Я сделала вид, что не услышала, для правдоподобности откручивая до упора кран с водой. Казалось, что может быть хуже, чем утро понедельника?! Поверьте, я могу привести тысячу примеров, способных ухудшить и без того скверное настроение: ссора с домочадцами из-за очереди в туалет, подгоревший завтрак, пролитый на одежду кофе, сломанный фен, внезапное отсутствие горячей воды, отсутствие чистых носков, пропаленная утюгом/сигаретой блузка, несимметричные стрелки на глазах, экскременты кота посреди коридора, единственный оставшийся в доме заплесневелый кусок хлеба…
У меня ни одно утро не обходится без происшествий/встряски, и сегодняшнее не стало исключением.
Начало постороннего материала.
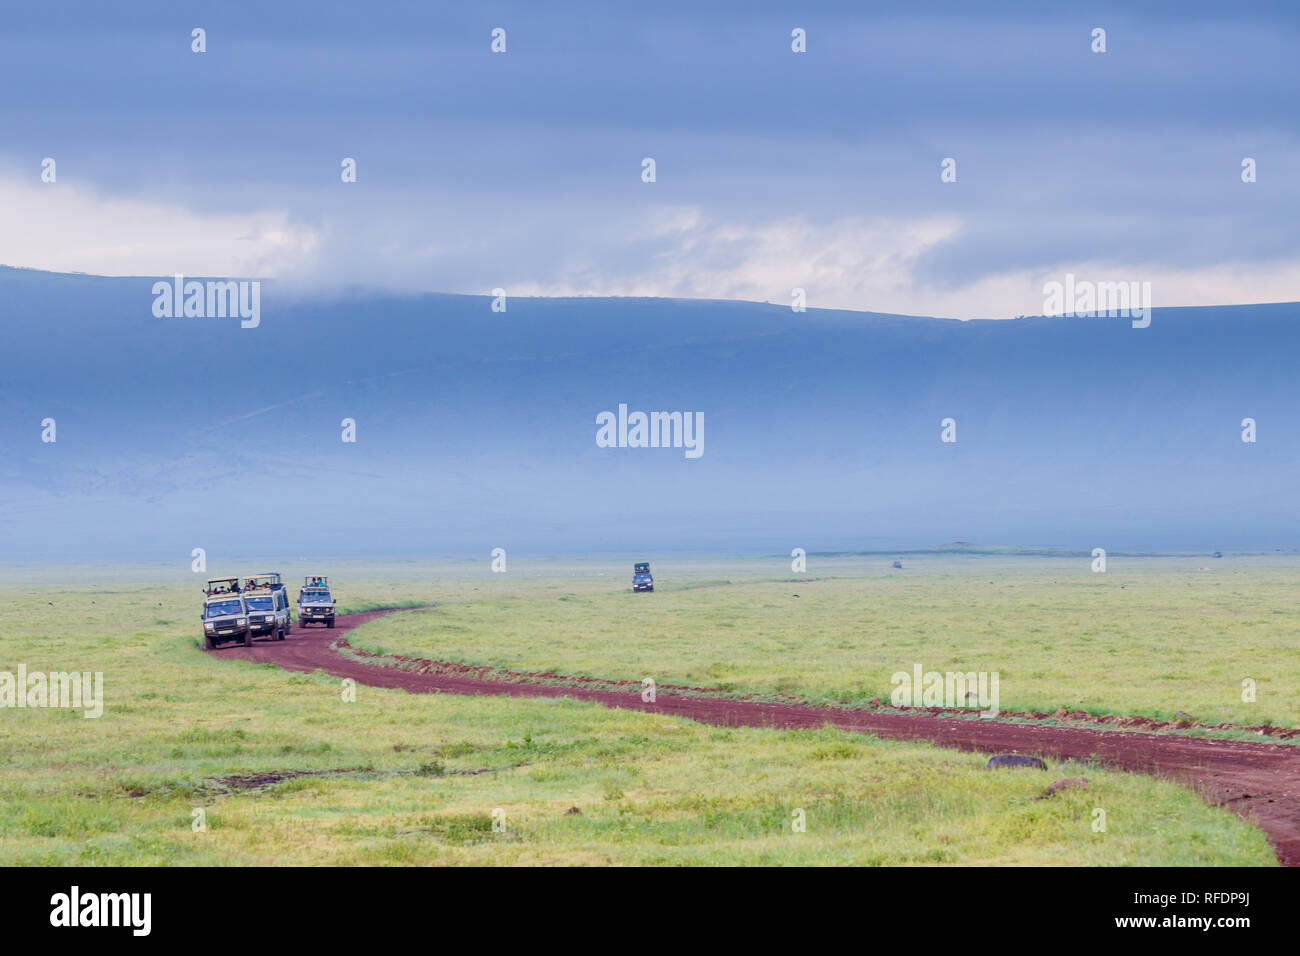 Il cratere di Ngorongoro, antica caldera vulcanica e uno dell'Africa la maggior parte delle magnifiche aree faunistiche, fa parte della riserva naturale di Ngorongoro, Tanzania Foto Stock
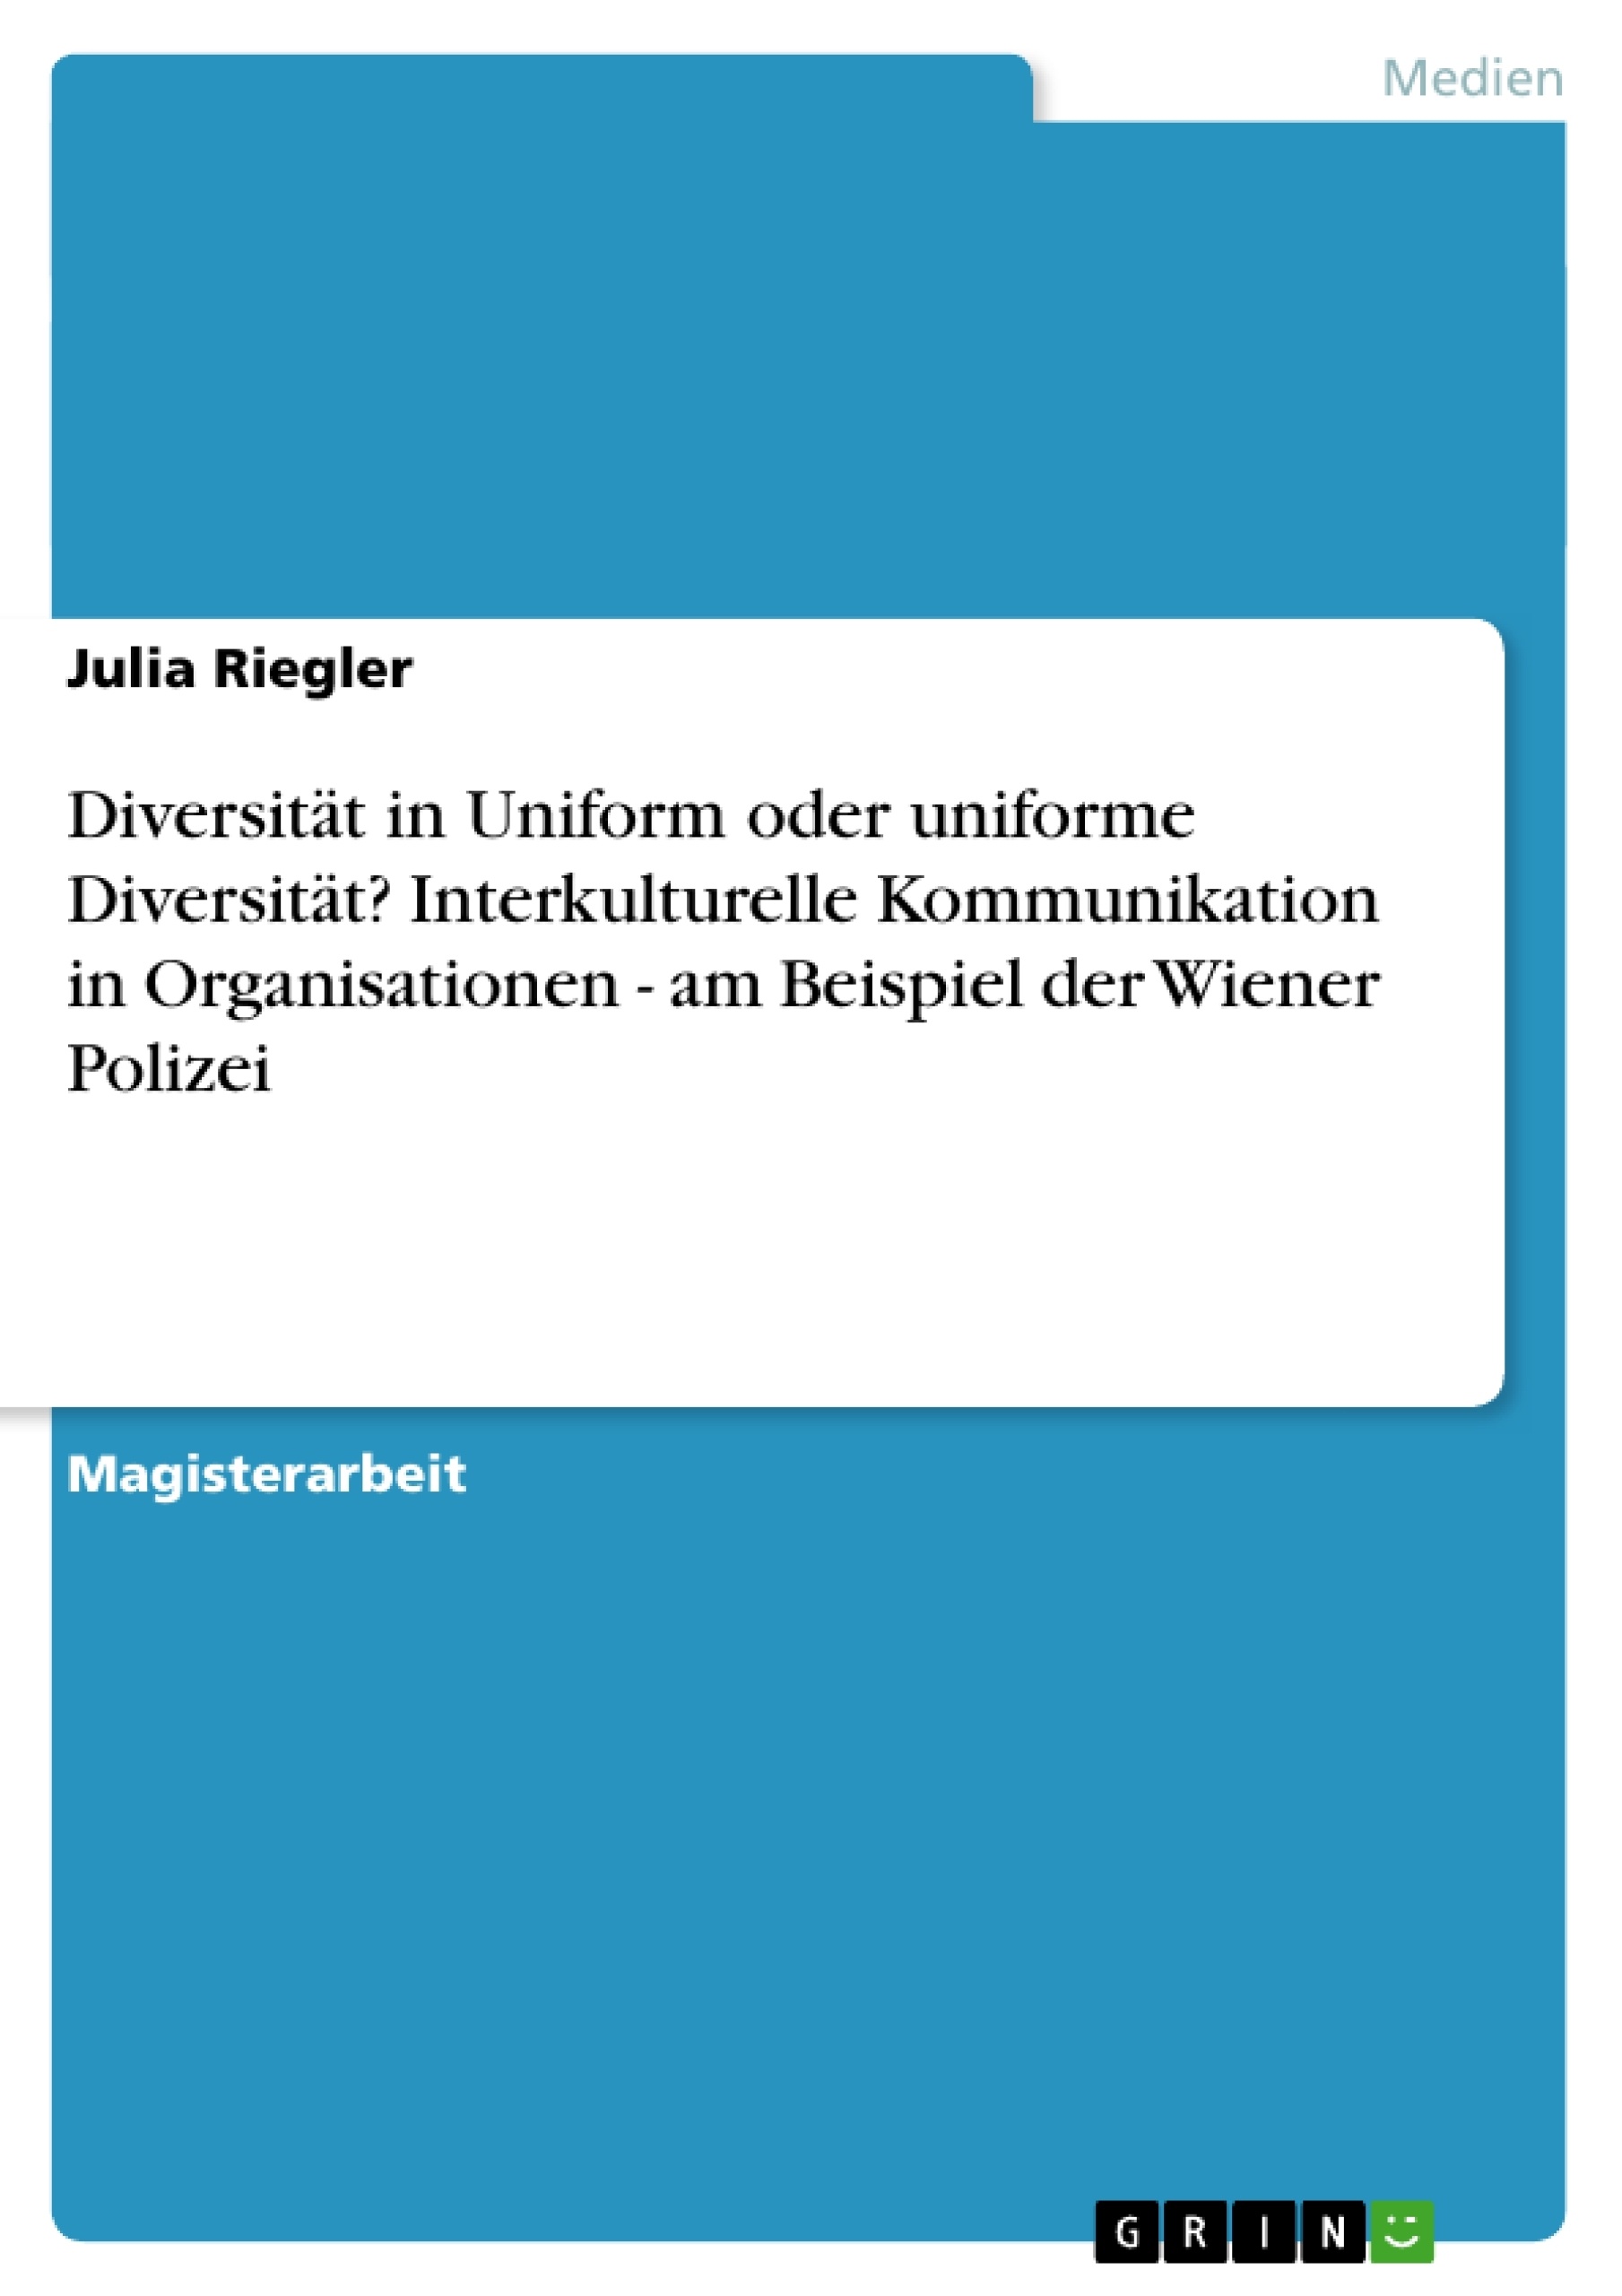 Title: Diversität in Uniform oder uniforme Diversität? Interkulturelle Kommunikation in Organisationen - am Beispiel der Wiener Polizei

Муж больше часа пилил меня за то, что разбудила его ни свет ни заря. Я, молча, старалась пропускать мимо ушей его тирады по поводу своего эгоистического характера, ибо знала, что стоит лишь мне огрызнуться, и между нами начнется третья мировая.
Сейчас он выплеснет весь скопившийся в нем негатив и через несколько минут после моего ухода преспокойно заварит себе крепкий кофе, возьмет сигарету, покрутит в руках, поднесет ее бок к своему носу, вдохнет с закрытыми глазами аромат табака и, подкурив, возьмет вчерашний недочитанный выпуск газеты. В это время наш кот Васька запрыгнет к нему на колени и начнет монотонно мурлыкать. Примерно так у мужа пройдет первая половина дня. Затем он опомнится, что пришло время обеда, и, не глядя, схватит что-нибудь из холодильника, а затем сядет за компьютер проектировать новые здания.
А я плетусь на работу, которую ненавижу каждой клеточкой своего организма…
Так уж произошло, что я росла послушной дочерью и никогда не перечила родителям. Школу закончила с золотой медалью и целым ящиком грамот/наград за участия во всевозможных конкурсах/олимпиадах. Когда пришло время определяться с профессией, я была очень растеряна. Мне не хотелось связывать свою жизнь с медициной, так как я панически боялась крови – и я не стала идти по стопам отца-хирурга и матери-терапевта. На протяжении нескольких лет я тайком мечтала стать дизайнером. У меня скопилась сотня папок с тысячью проектов по рациональному обустройству жилых помещений. Ведь я не понаслышке знала, каково это – ютиться в крохотных малосемейках.
А когда время начало поджимать, поскольку начинались первые вступительные кампании в высших учебных заведениях, я решила открыть родителям свой секрет.
«Это шутка?» – испуганно спросила мать.
«Ничего глупее не могла придумать?!» – пристыдил отец.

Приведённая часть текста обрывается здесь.